### Your objective:
Using only the entries below, copy exactly the lines that begin at the one with "46 Casual Black" and end at the one with "KIA Niro Plug-in", both included. Drop the pictures.

### Supplied entries:
---
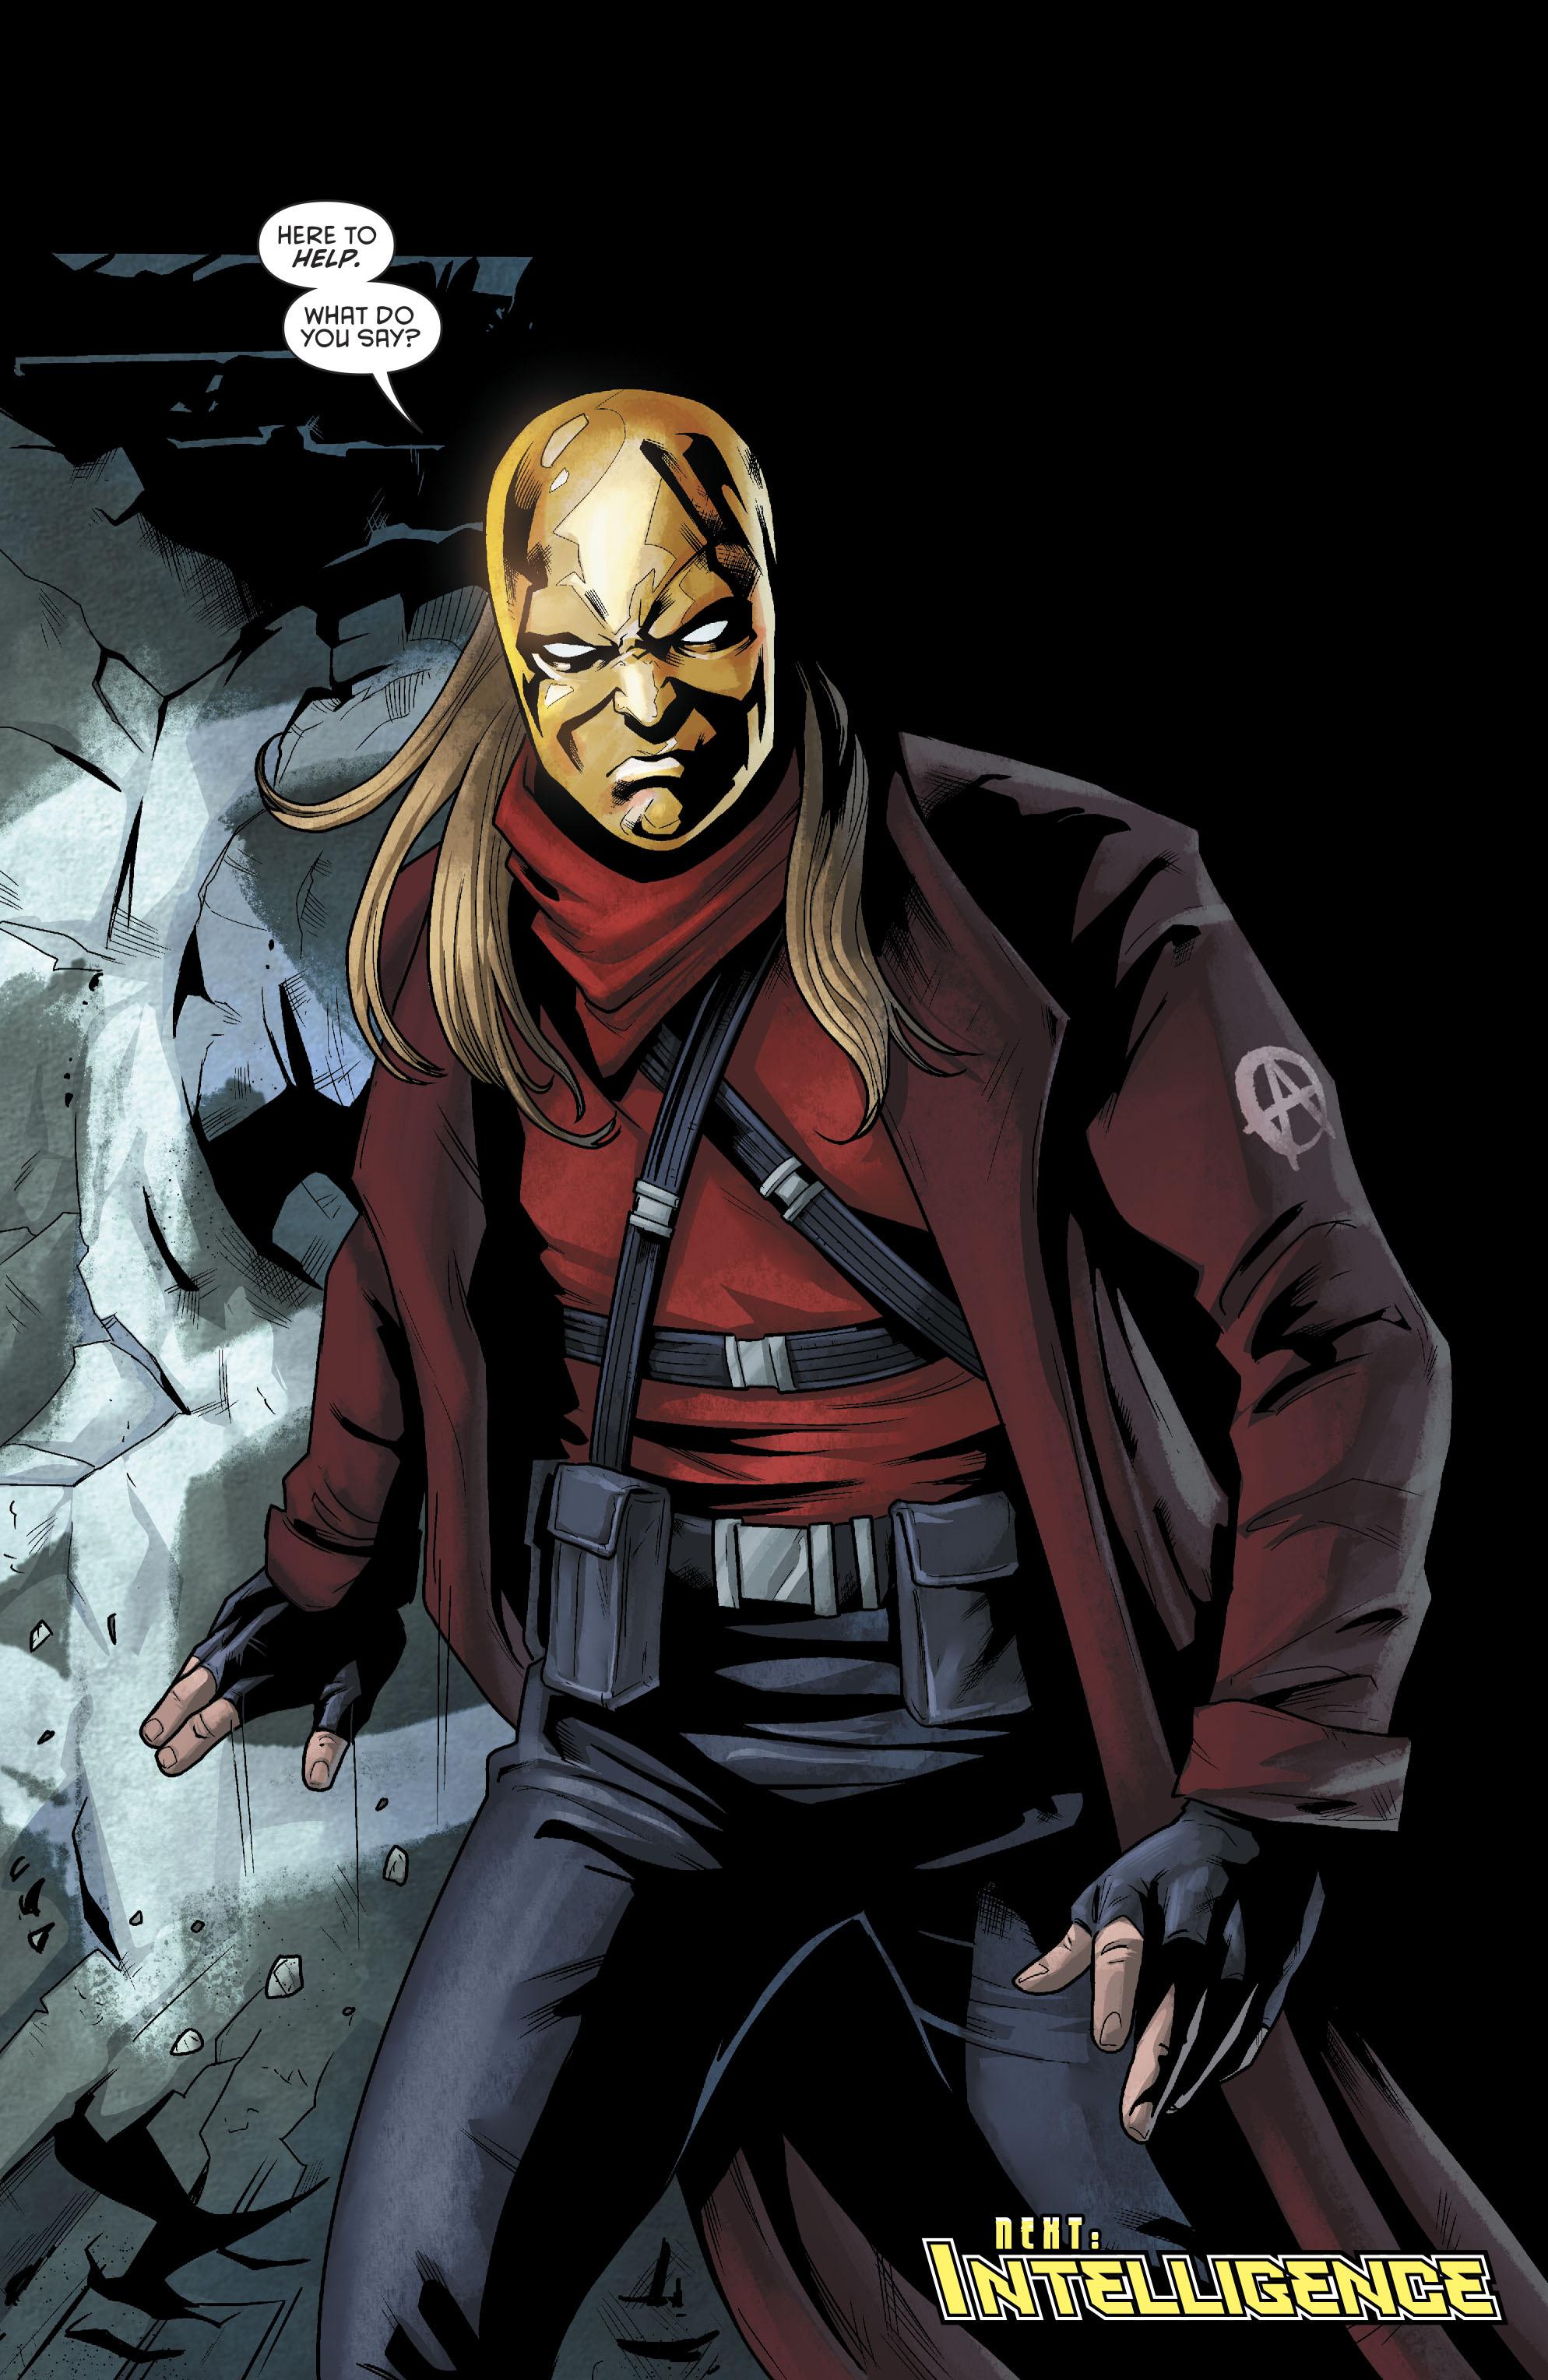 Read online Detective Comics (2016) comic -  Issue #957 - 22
---
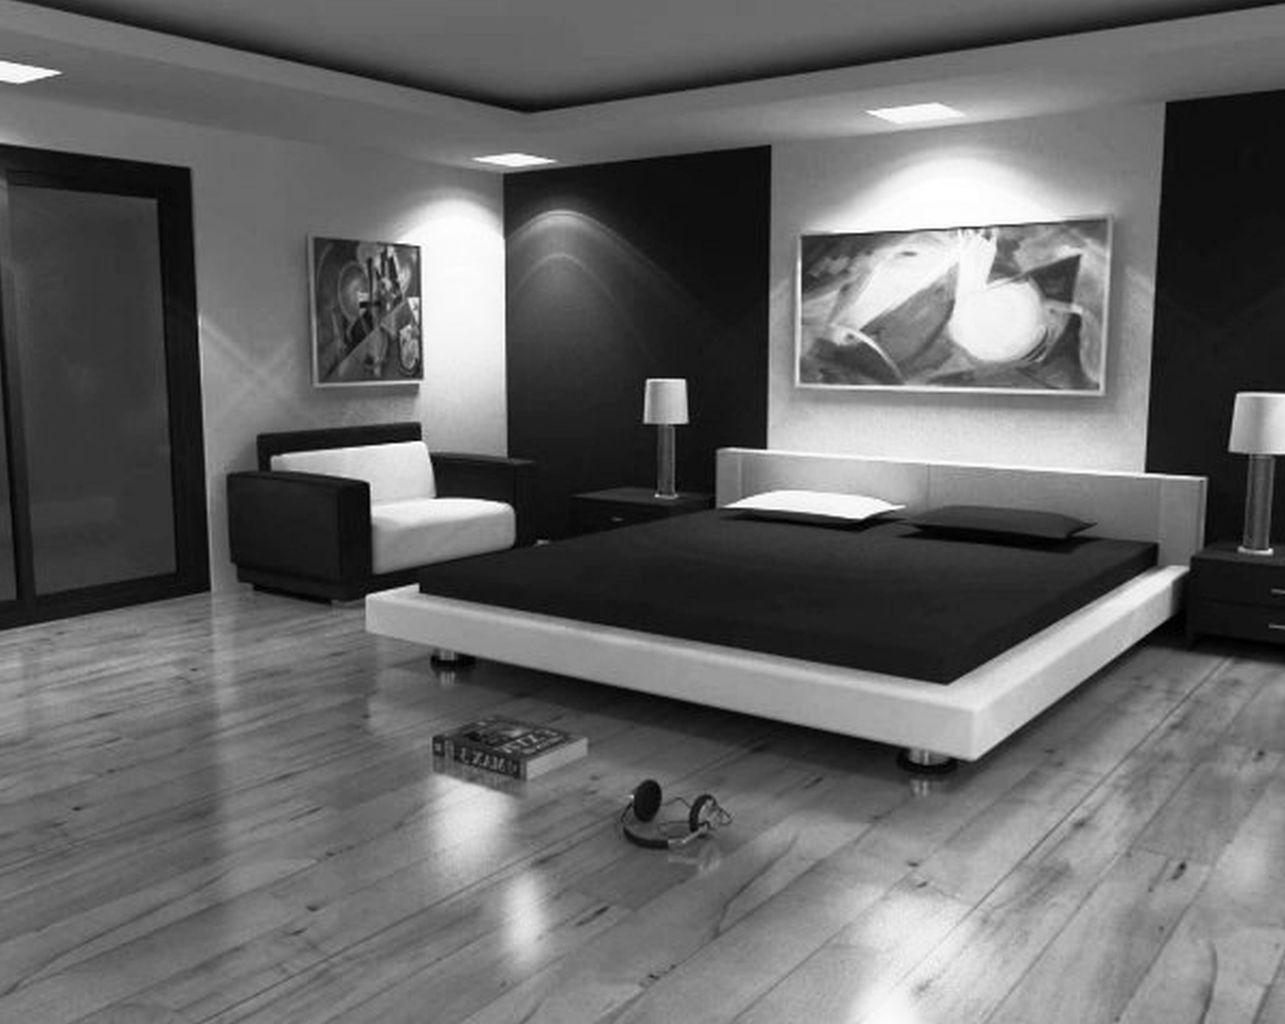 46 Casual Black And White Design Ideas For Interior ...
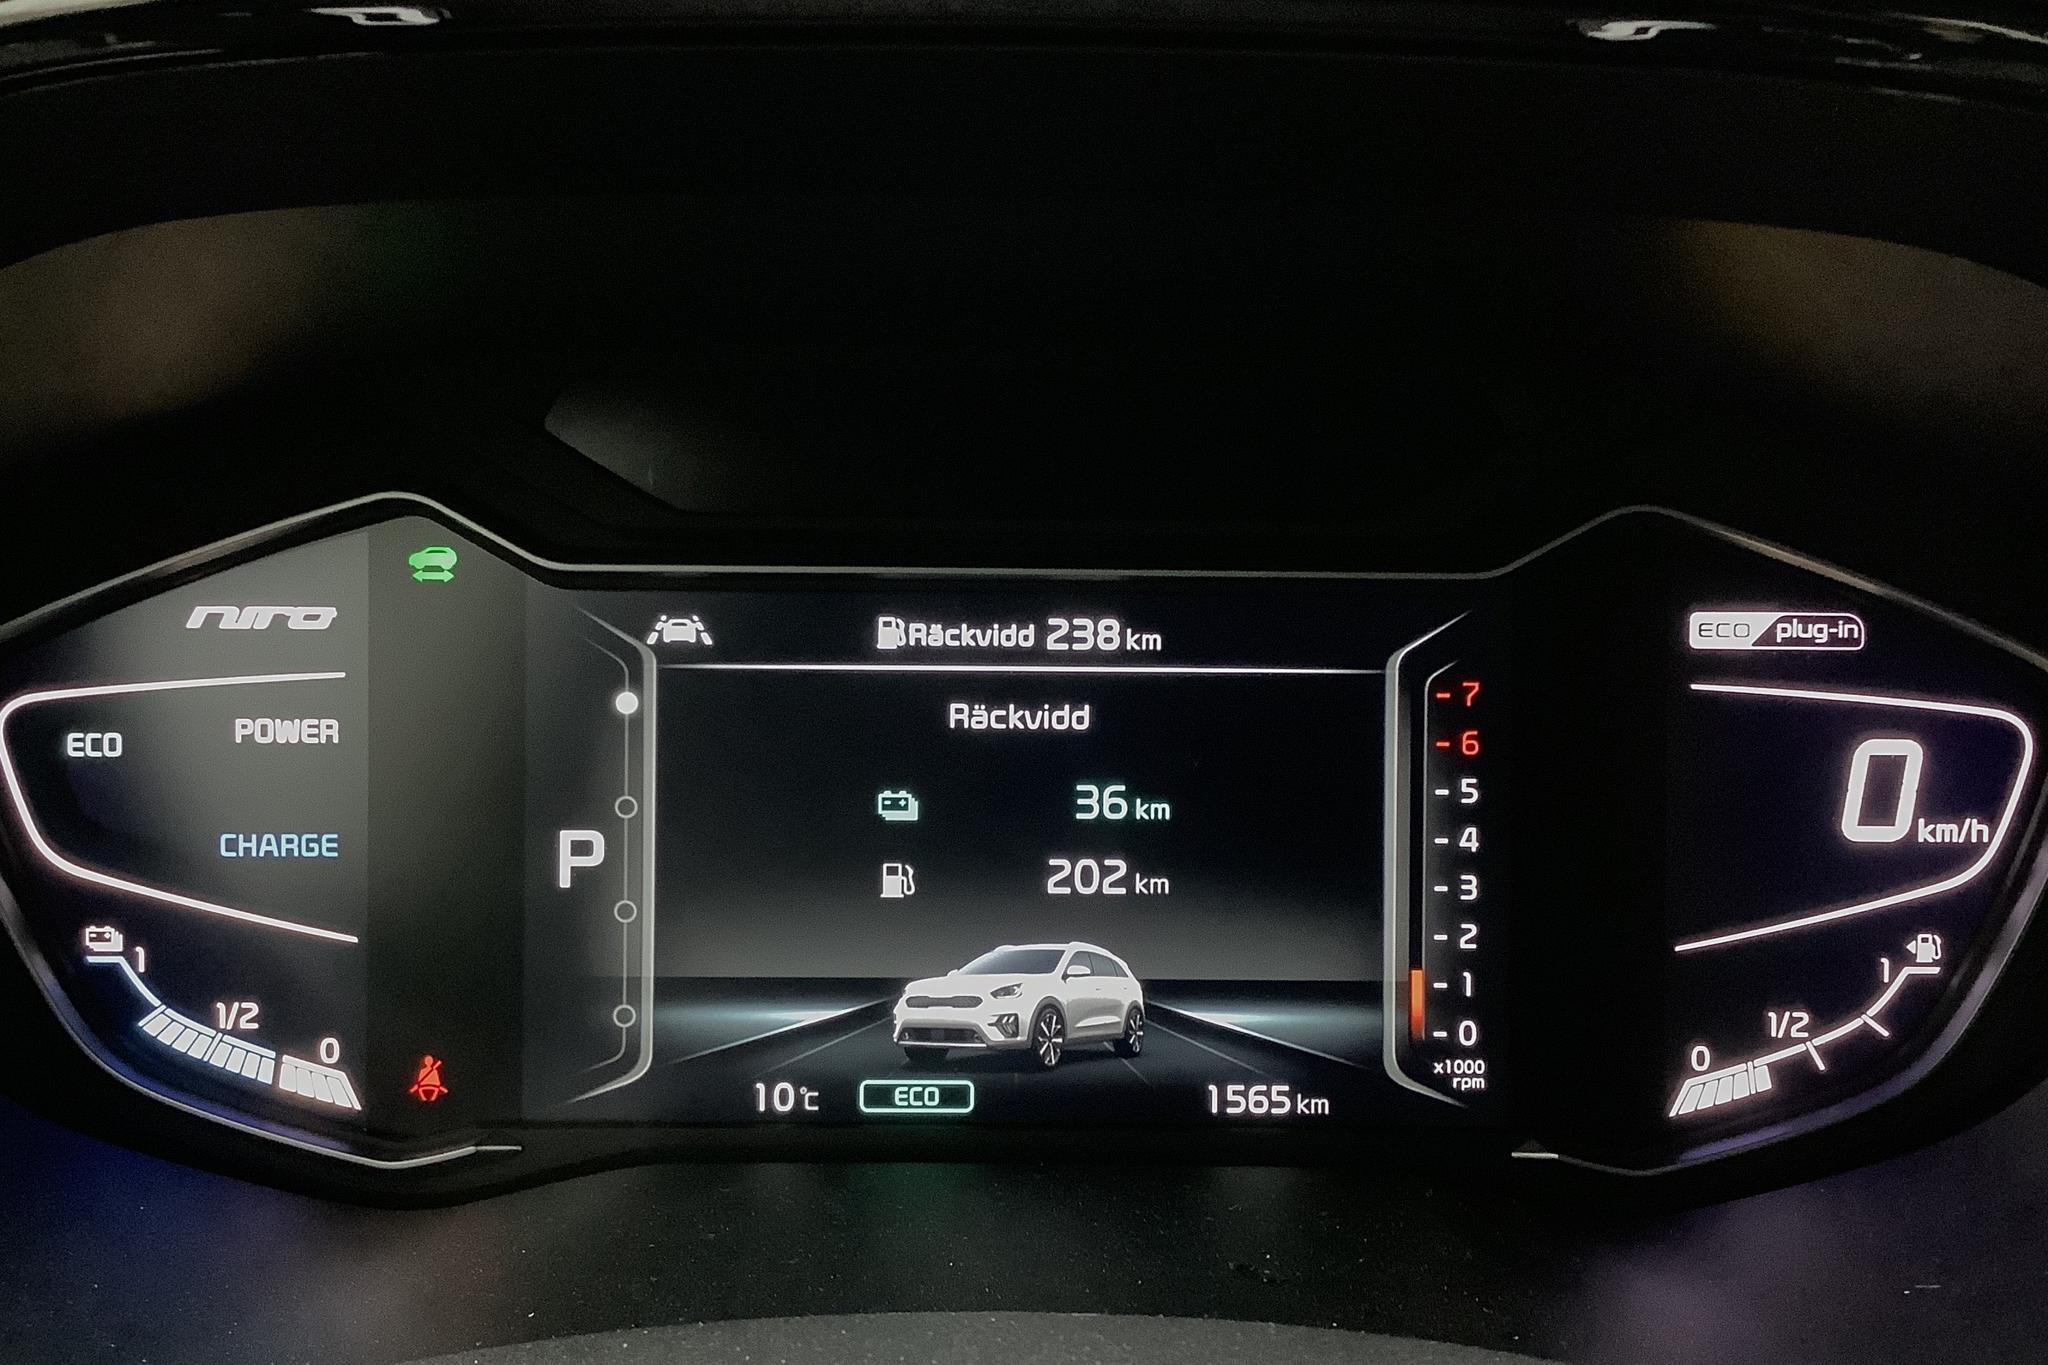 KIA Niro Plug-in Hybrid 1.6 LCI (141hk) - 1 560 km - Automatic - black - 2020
---
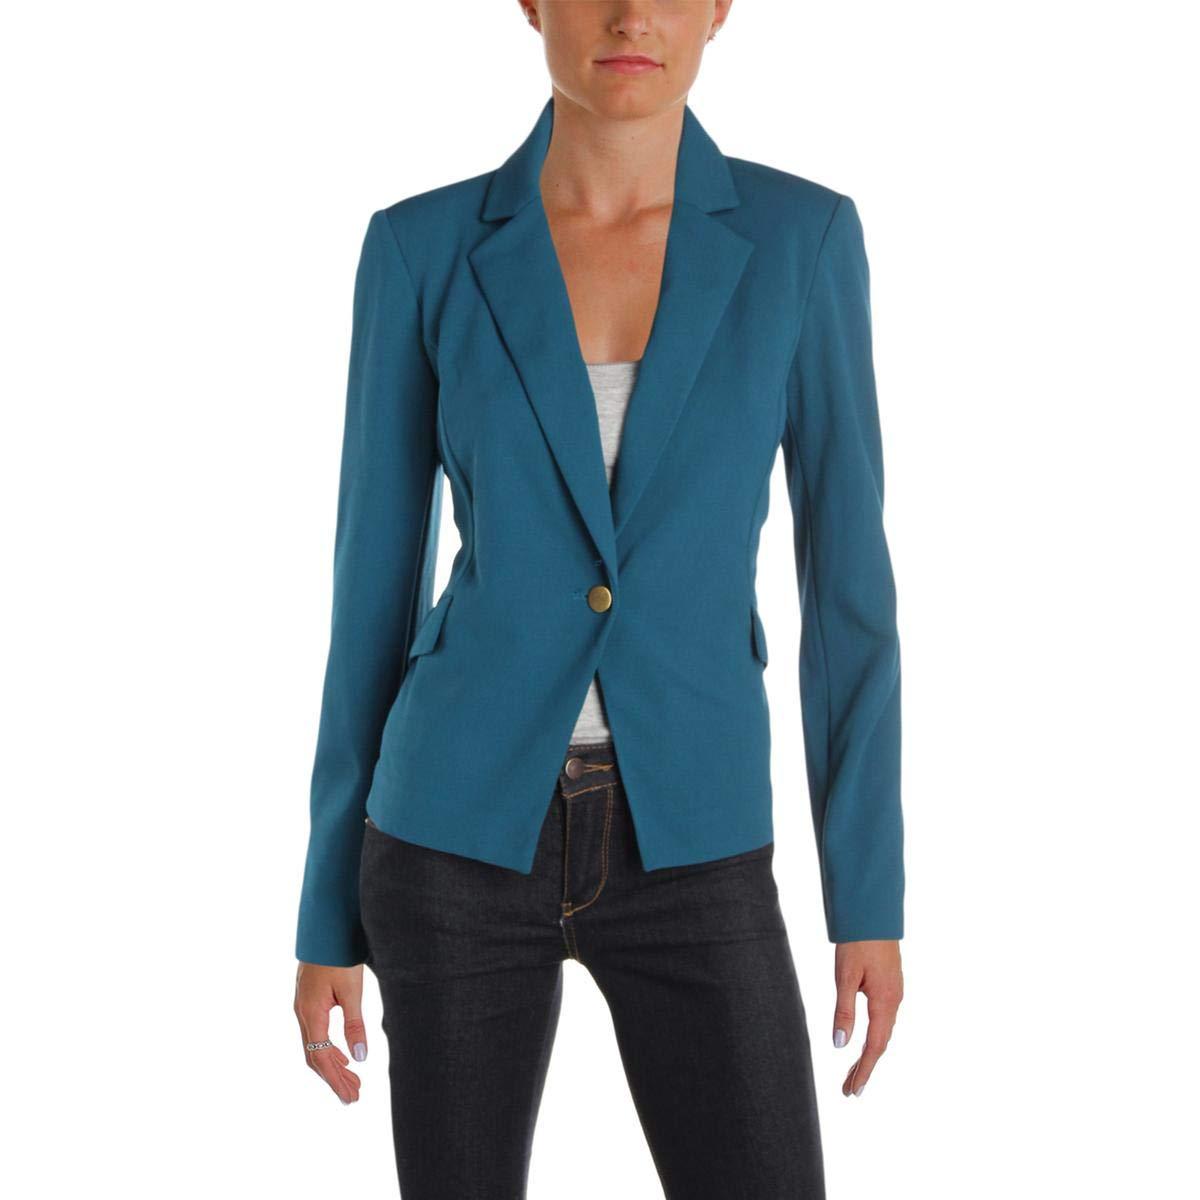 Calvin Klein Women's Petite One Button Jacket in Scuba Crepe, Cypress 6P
---
### Reply to the exercise:
 46 Casual Black And White Design Ideas For Interior ...
 KIA Niro Plug-in Hybrid 1.6 LCI (141hk) - 1 560 km - Automatic - black - 2020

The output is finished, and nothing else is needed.